According to Public Information Officer Selena Zorrilla-Mendoza, there have been 29 Measure Z hires since June 2015, bringing the total full-time staff at the Sheriff’s Office to 235. Of the 29, she said 15 are law enforcement personnel that regularly go out into the field.
What that has meant for the Sheriff’s Office Garberville station is close to a doubling of its law enforcement manpower — from five deputy sheriffs assigned to the station a year ago to nine deputy sheriffs currently.
“They are making a difference the public may not always see,” Zorrilla-Mendoza commented.
She said the increase has reduced the need to ship deputies south from Eureka to provide assistance. She said it has also resulted in more arrests of suspects on a most wanted list that the Sheriff’s Office posts online. Finally, she said deputies now have more time for good old-fashioned police work. “They’re able to conduct more follow-up. It gives them the opportunity to be active instead of just reactive.”
Downey, in a recent interview, did not disagree. But he did point out that the increased hiring figures are somewhat misleading since a number of the deputies don’t live in the Garberville-Redway area but instead commute from Fortuna.
That’s a good thing from Downey’s point of view since more centrally-located deputies can be sent elsewhere faster should the need arise — such as in times of a “special enforcement” situation.
“So even though the numbers are firm they can be fluid as well. The numbers can be elusive,” Downey cautioned.
Nonetheless, he said things are clearly better than they were two years ago, when his law enforcement staff countywide was stretched very thin indeed.
“If there was a shortage somewhere in the county we’d pull ’em [from places like Southern Humboldt] and send them elsewhere,” Downey said, explaining that doing so left the area where deputies were pulled from vulnerable.
“2014 was a low point. We were pretty bare bones in 2014,” Downey remarked.
Things didn’t begin to change until the passage of Measure Z, he added.
“The turnaround [has been due] mainly to Measure Z. It’s given us the ability to go aggressively out and [hire] additional personnel at an accelerated rate.”
As for the future, Downey said he’s hoping to create even more deputy sheriff positions by utilizing money from the county’s general fund. “We’re looking to hire five or six more deputies. That will beef up things countywide. It will also affect Garberville and Redway,” Downey added.
Factoring in deputy sheriffs who have already been hired but are not yet on the streets because they are attending police academy, Downey said: “We’re looking at potentially nine more [law enforcement] personnel in the next two to six months.”
Given that the Sheriff’s Office is in line to receive more Measure Z money in the fiscal year that begins July 1 — the Citizens’ Advisory Committee on Measure Z Expenditures makes funding recommendations, which then must be approved by the Board of Supervisors — the number of deputies could grow even further.

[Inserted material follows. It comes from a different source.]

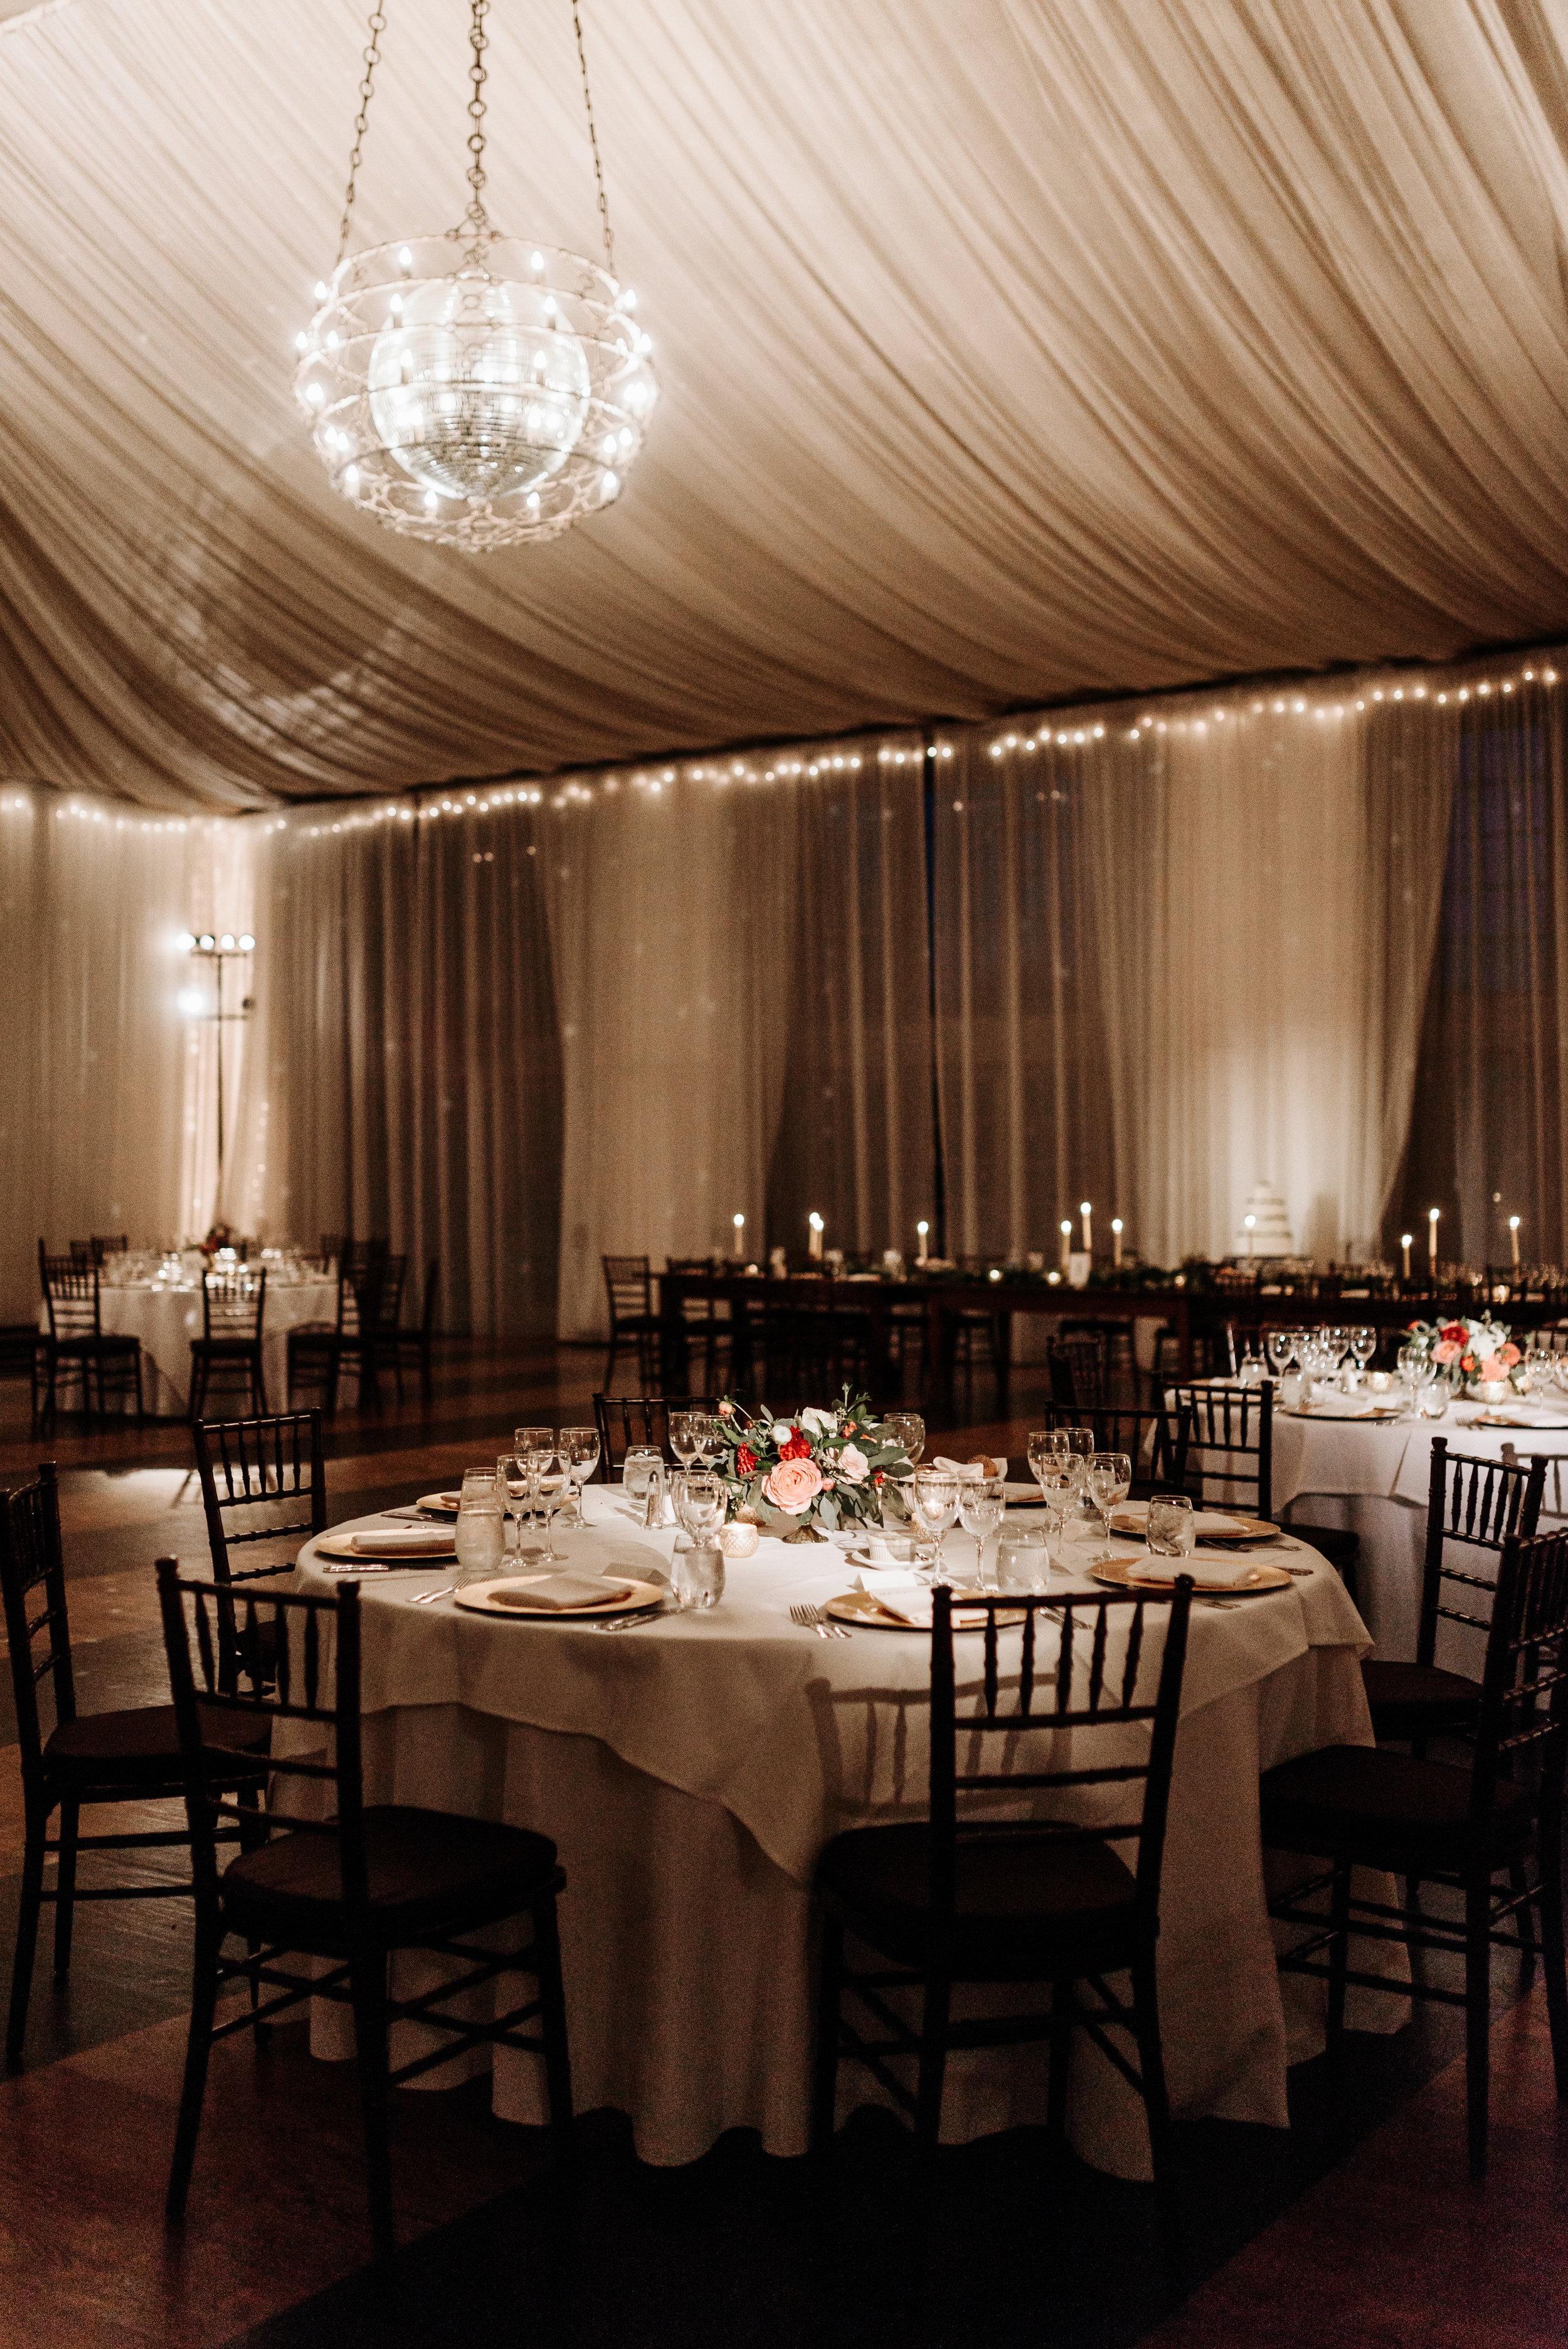 Veritas-Vineyards-and-Winery-Wedding-Photography-Afton-Virginia-Yasmin-Seth-Photography-by-V-9805.jpg

Beyond the $5.3 million in Measure Z funds already dedicated to next year’s budget for public safety services provided by the Sheriff’s Office, the District Attorney’s Office and the Probation Department, the Board of Supervisors has proposed $6.5 million in additional spending “for projects that will protect our community,” as the county put it in a press release.
The proposals are contained in the county’s proposed budget, which the board will vote on at their June 7 meeting. They include nearly $1 million that would go to the Sheriff’s Office for seven additional staff — four deputy sheriffs, a correctional officer, a community services officer and an animal control officer.
Downey said “the new opportunity for Measure Z money” could result in the hiring of a deputy sheriff who would be stationed in Shelter Cove, along with three others who would be stationed in Orick, Bridgeville and Orleans.
Should all that occur, Downey said the Sheriff’s Office would still not be at the staffing levels that existed in the 1980s and 1990s. But it would be getting there.
He credited a combination of factors to the passage of Measure Z, including support from his office; the Humboldt County Deputy Sheriffs Organization, whose members include deputy sheriffs, probation officers, investigators in the District Attorney’s Office, deputy coroners and welfare fraud investigators; and the Board of Supervisors.
“All the supervisors were squarely behind it,” Downey recalled.
Downey also recalled something else: He had serious doubts about Measure Z’s chances.
“I was skeptical it would pass,” he confessed. “Ballot measures can be a crapshoot.” Particularly, he added, ones that ask voters “to increase the tax base on themselves.”